In this scenario, a four-component Job creates an index storing people names and their relative nicknames.
The source data to be used in this scenario is stored in a .csv file, an extract of which is shown below:
Country;FirstName;Nickname1;Nickname2;Nickname3;Nickname4 France;Anne;Ninon;Annie;Ninette;Ann France;Bernadette;Nad;Netty;Dadette France;Albert;Al France;Alexandre;Alex France;Alfred-Hubert;Alu France;Andrew;Andy France;Anthony;Anton;Tony;Tonio France;Artus;Artie France;Benoit;Ben France;Catherine;Cate;Katherine;Kathryn France;Charles;Charlie;Charlot;Chuck France;Christophe;Christian;Chris;Kris;Kristof France;Christian;Chris
This data describes people's home country (not to be inserted into the index), first names (reference entries) and frequently used nicknames (synonyms).
The four components used in this Job are:
tFileInputDelimited: this component reads the source data and inputs them to tSynonymOutput.
tMap: this component is used to transform the source data into two separated columns representing the first names and the nicknames, in the meantime, ignoring the people's home country information.
tSynonymOutput: this component creates the index of interest in this scenario and feeds it with the synonyms given in the source file.
tLogRow: this component lists the data that have been inserted into the newly created index.

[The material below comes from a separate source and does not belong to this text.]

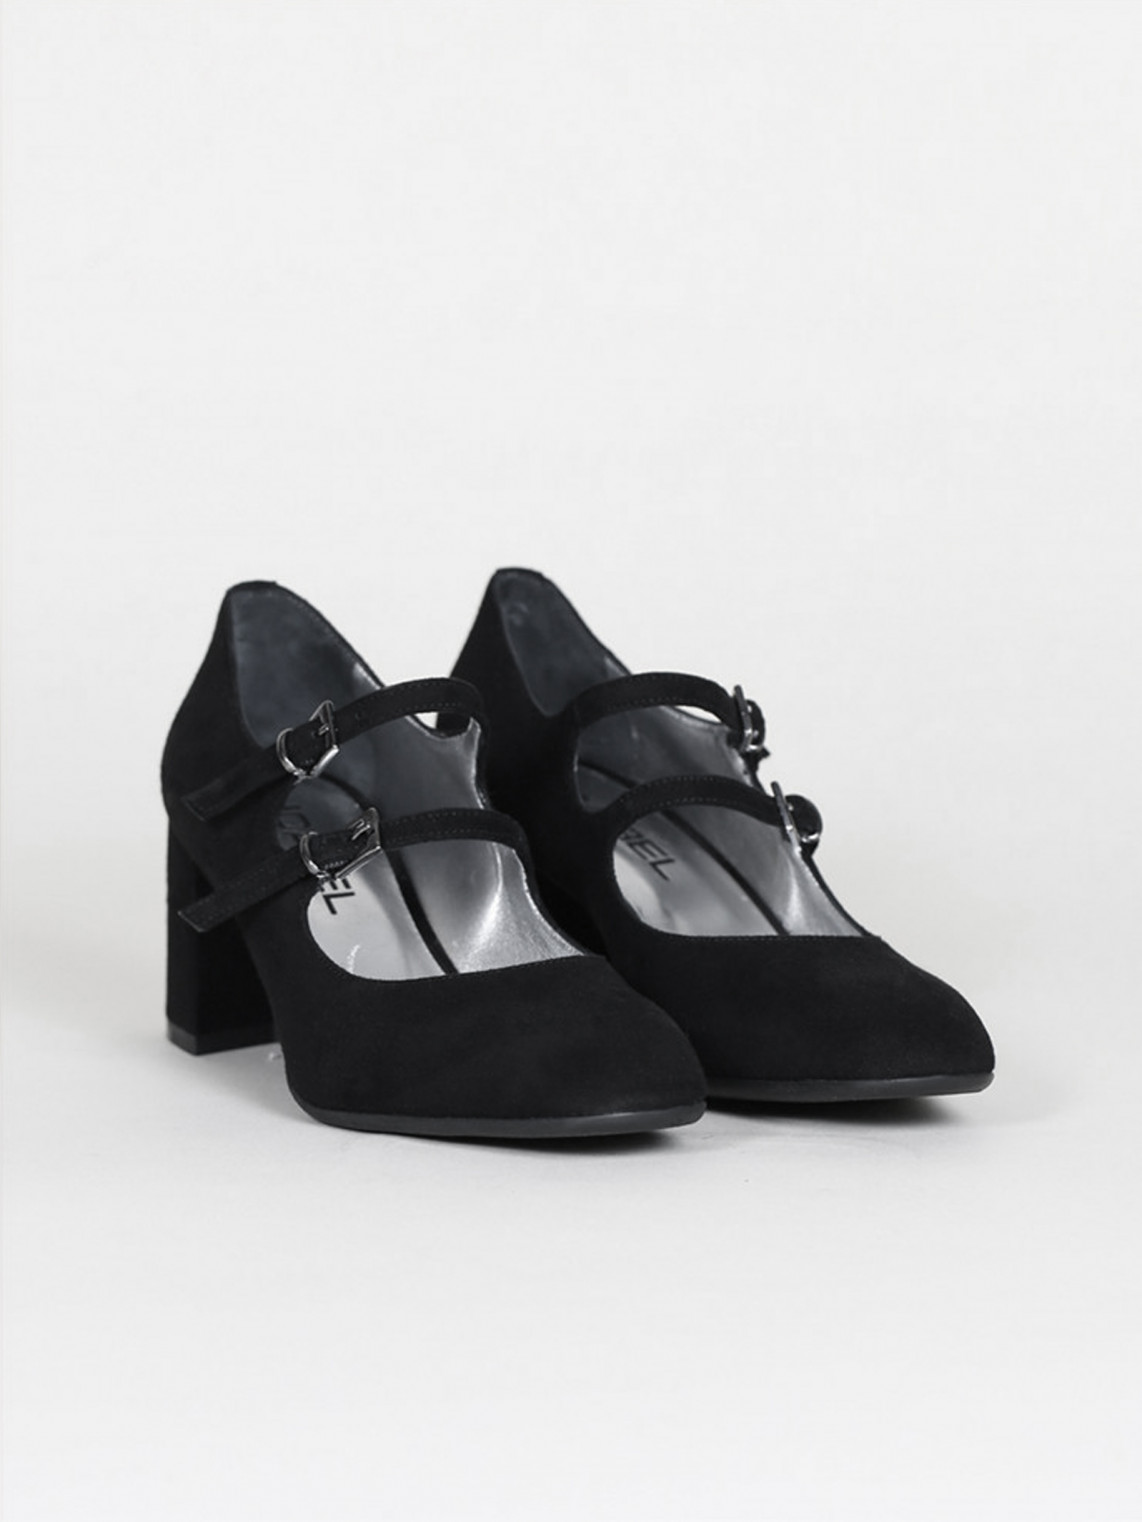 ALICE silver leather Mary Janes | Carel Paris Shoes
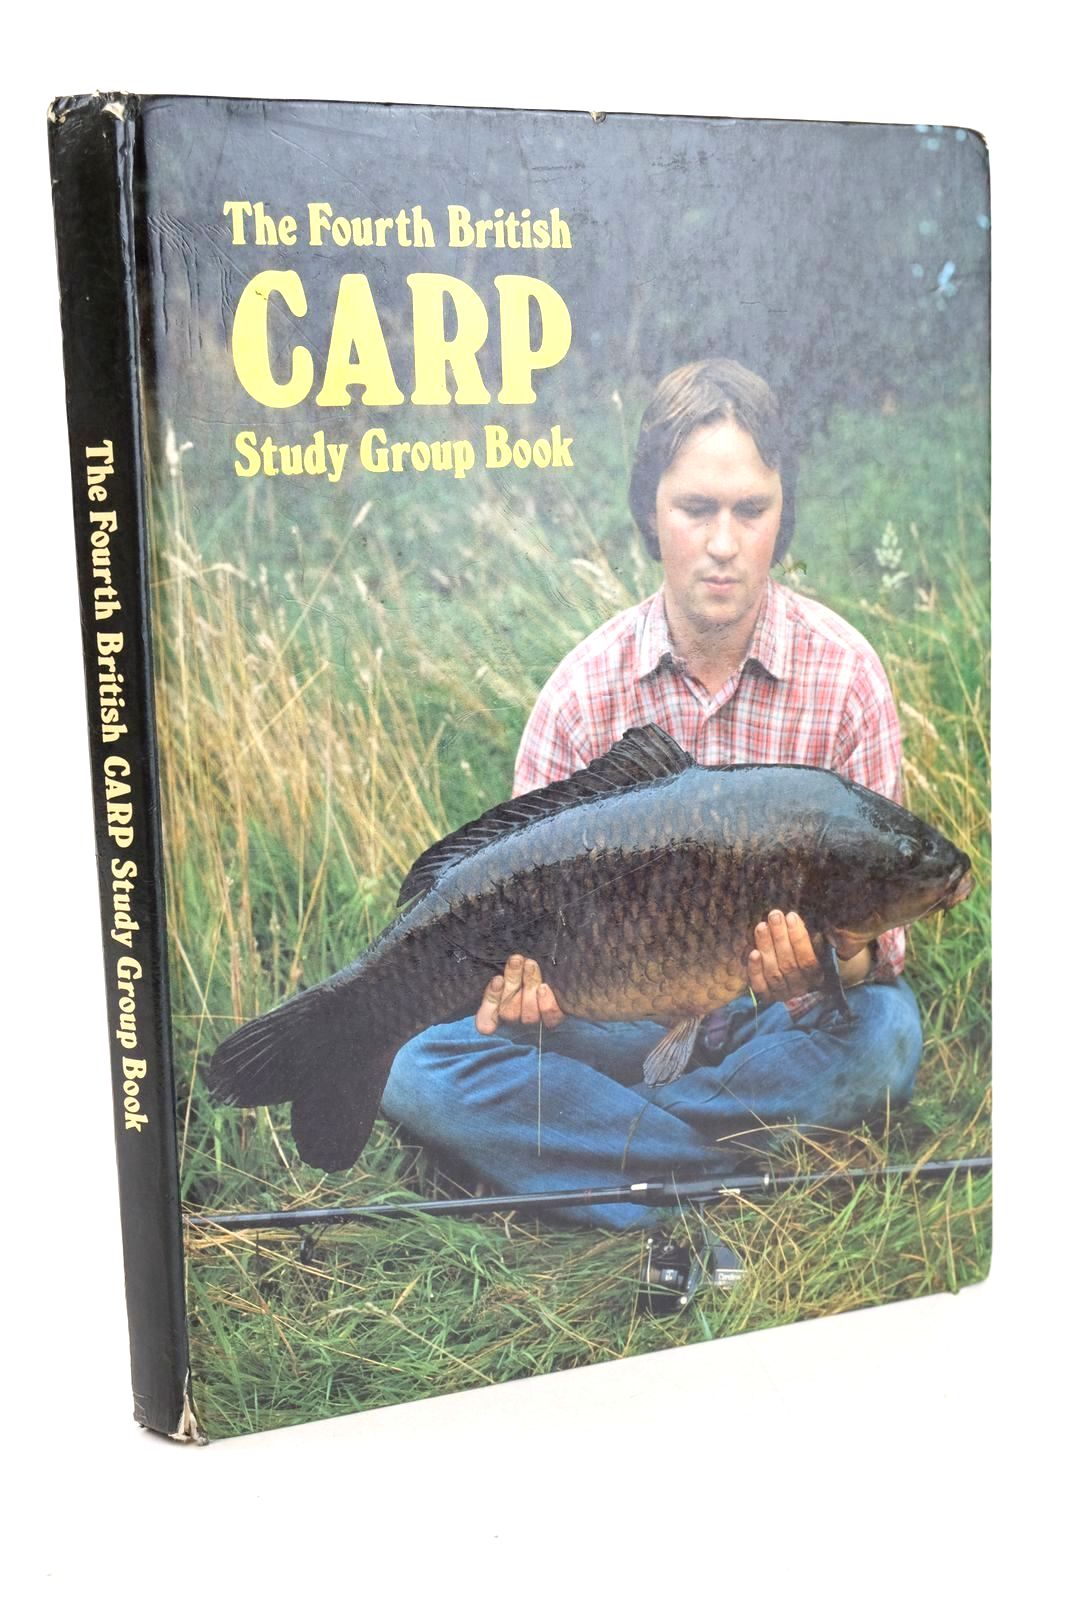 Photo of THE FOURTH BRITISH CARP STUDY GROUP BOOK written by Mohan, Peter Maddocks, Kevin illustrated by Gurd, Len Baker, John published by British Carp Study Group (STOCK CODE: 1327565)  for sale by Stella & Rose's Books

To replicate this scenario, proceed as follows:
Drop tFileInputDelimited, tMap, tSynonymOutput and tLogRow from the Palette onto the design workspace.
You can change the displayed name of each of these component. For further information, see Talend Studio User Guide.
Right-click the tFileInputDelimited component to open the contextual menu, and select Row > Main to connect it with the tMap component.
Do the same thing to connect tMap to tSynonymOutput using Row > Main link.
A dialog box pops up to prompt you to name this link you are creating.
Type in synonyms, for example, then click OK to validate this name and thus close this dialog box.
Continue to connect tSynonymOutput to tLogRow using Row > Main link again.
Configure the data input
Double-click tFileInputDelimited to open its Component view.
In the File name/Stream field, specify the path to the input file.
Click the [...] button next to Edit schema to open the [Schema] dialog box, click the [+] button to add six columns and name them Country, FirstName, Nickname1, Nickname2, Nickname3 and Nickname4 corresponding to the input file structure.
When done, click OK to close the dialog box and propagate the schema setting to the next component.
You can also add this tFileInputDelimited file using the established metadata stored in the Repository. This allows you to use automatically the configuration of the corresponding metadata. For further information about how to create and use this metadata, see Talend Studio User Guide.
Configure data structure transformation
Double-click tMap to open the map editor.
At the bottom right corner (synonyms) of the Schema editor view, click the [+] button to add two rows and name them FirstName and Nicknames. These two columns appear in the synonyms table on the right side of the map editor.
On the input side (left) of the upper part, select the FirstName column and drop it to the FirstName column on the output side (right).
In the Expression field of the Nicknames column on the output side (right), type in
On the input side (left) of the upper part, select sequentially the columns from Nickname1 to Nickname4 and drop them to the Nicknames columns, and edit the expression in the Expression field so that it reads
DqStringHandling.safeConcat('|', row1.Nickname1, row1.Nickname2, row1.Nickname3, row1.Nickname4).
Click OK to validate these changes and accept the propagation prompted by the dialog box that pops up.
Configure index creation and console output
Double-click tSynonymOutput to open its Basic settings view.
In the Index path field, type in or browse to the location where you need to create the index.
In the Operation field, select the operation you need to perform on this created index as well as the related synonyms. In this example, select (Delete and ) initialize an index.
In the Entry field, select the column to be used to receive and store the reference entries. In this scenario, the FirstName column is holding the reference entries, so select FirstName.
In the Synonyms field, select the column to be used to receive and store the synonyms. In this scenario, select Nicknames.
In the Basic settings view of the tLogRow component, select the Table option for better readable display of the Job execution result.